→ REQUIRED WORK:
Copy out the data below as written; omit any images.

→ DATA:
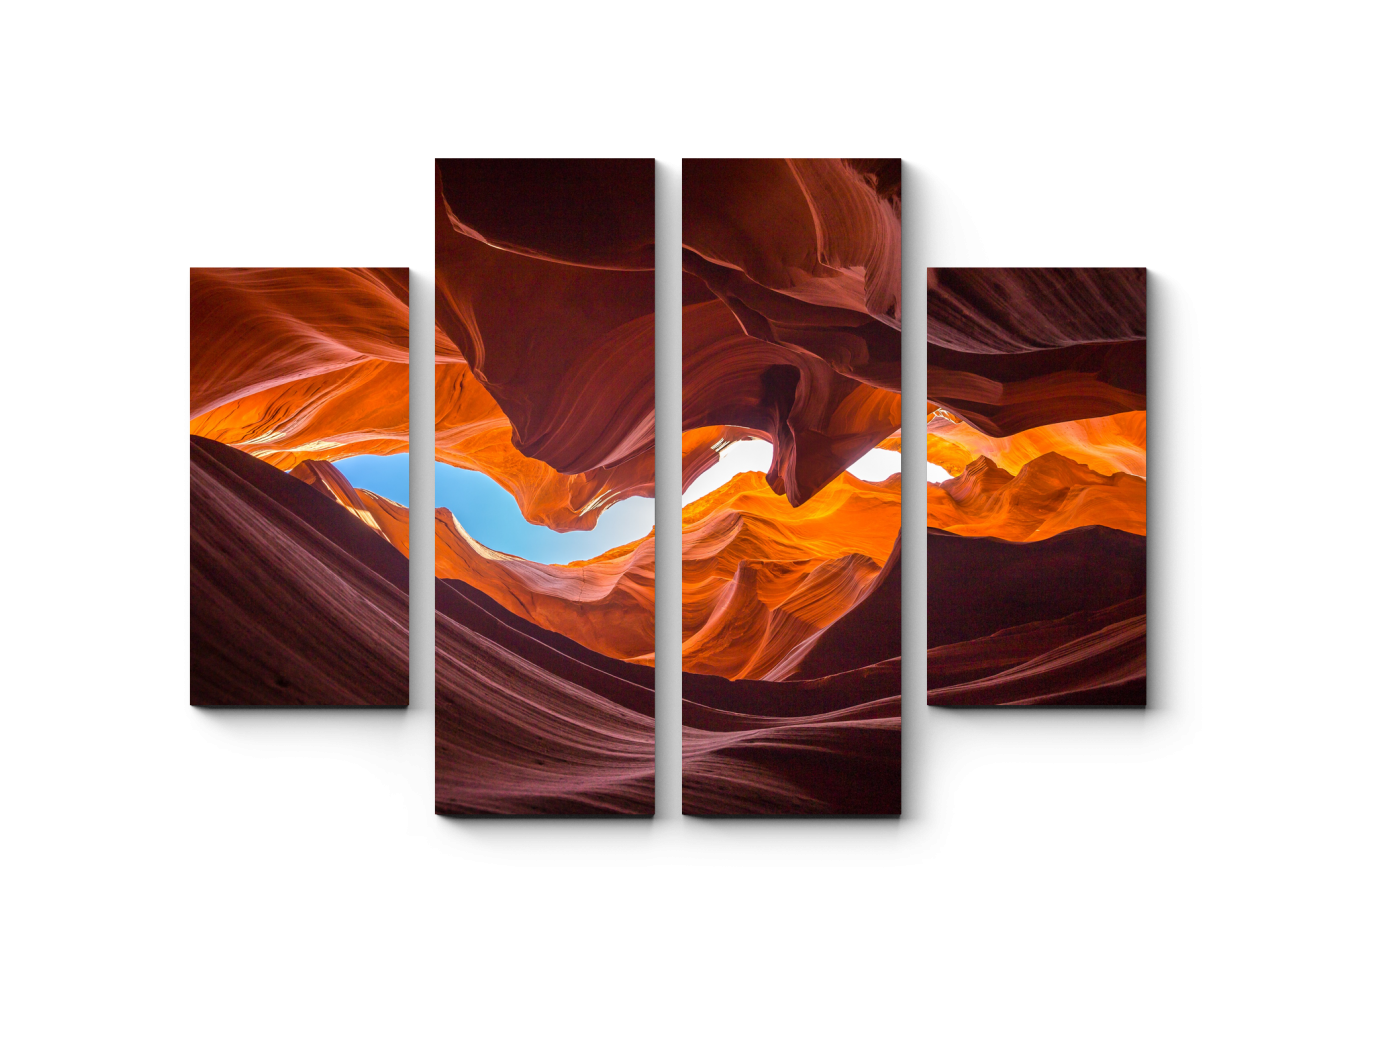 Модульная картина Искусство природы (80x60) фото
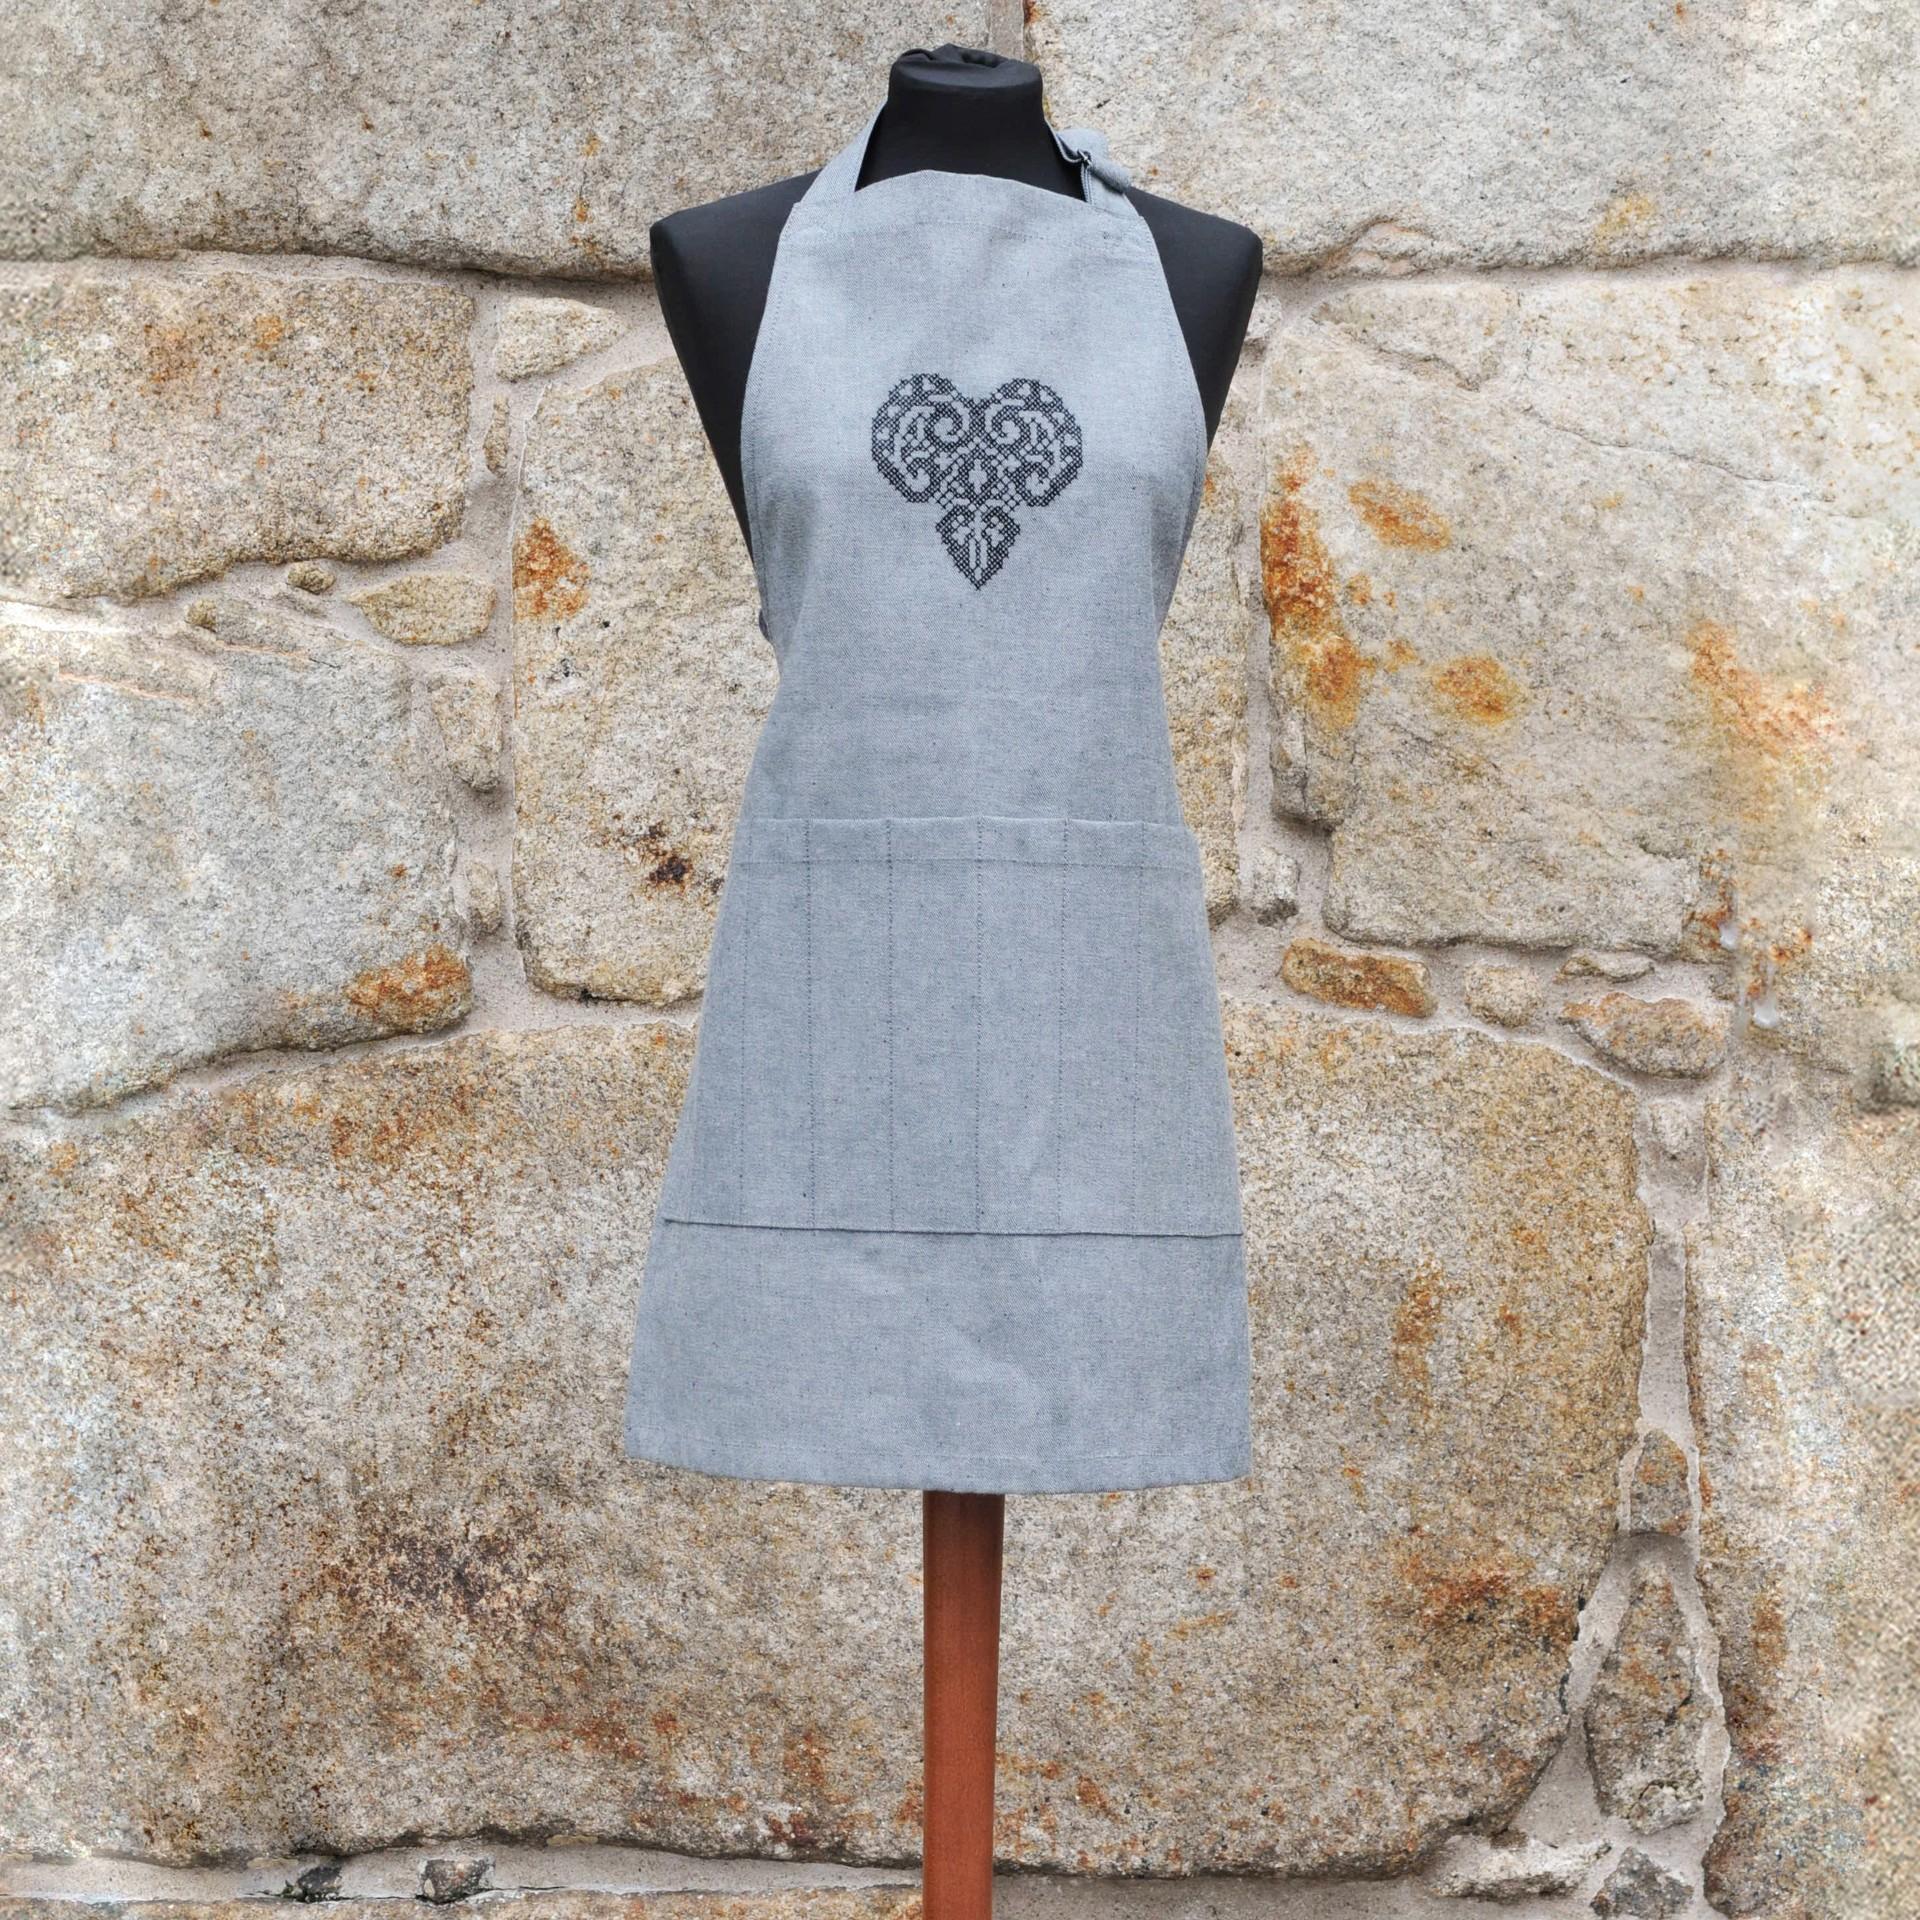 Avental em ganga - coração preto em filigrana, sem folhos
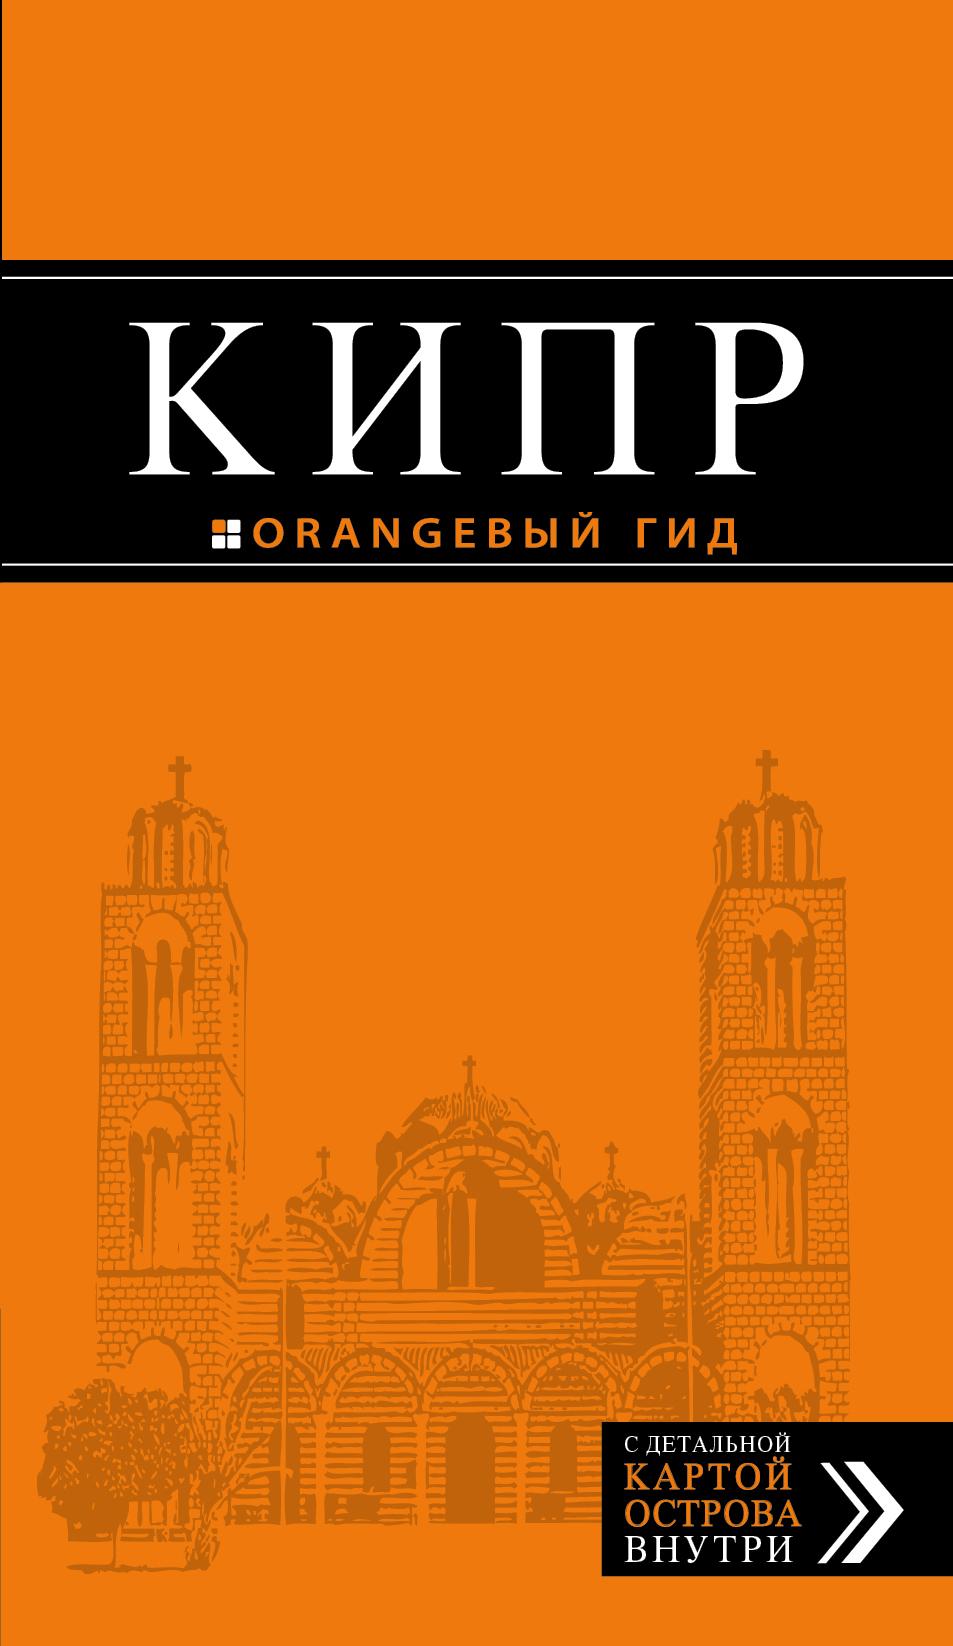 Александрова Алена Кипр: путеводитель. 5-е изд., испр. и доп.

→ SOLUTION TO THIS PROBLEM:
 Модульная картина Искусство природы (80x60) фото
 Avental em ganga - coração preto em filigrana, sem folhos
 Александрова Алена Кипр: путеводитель. 5-е изд., испр. и доп.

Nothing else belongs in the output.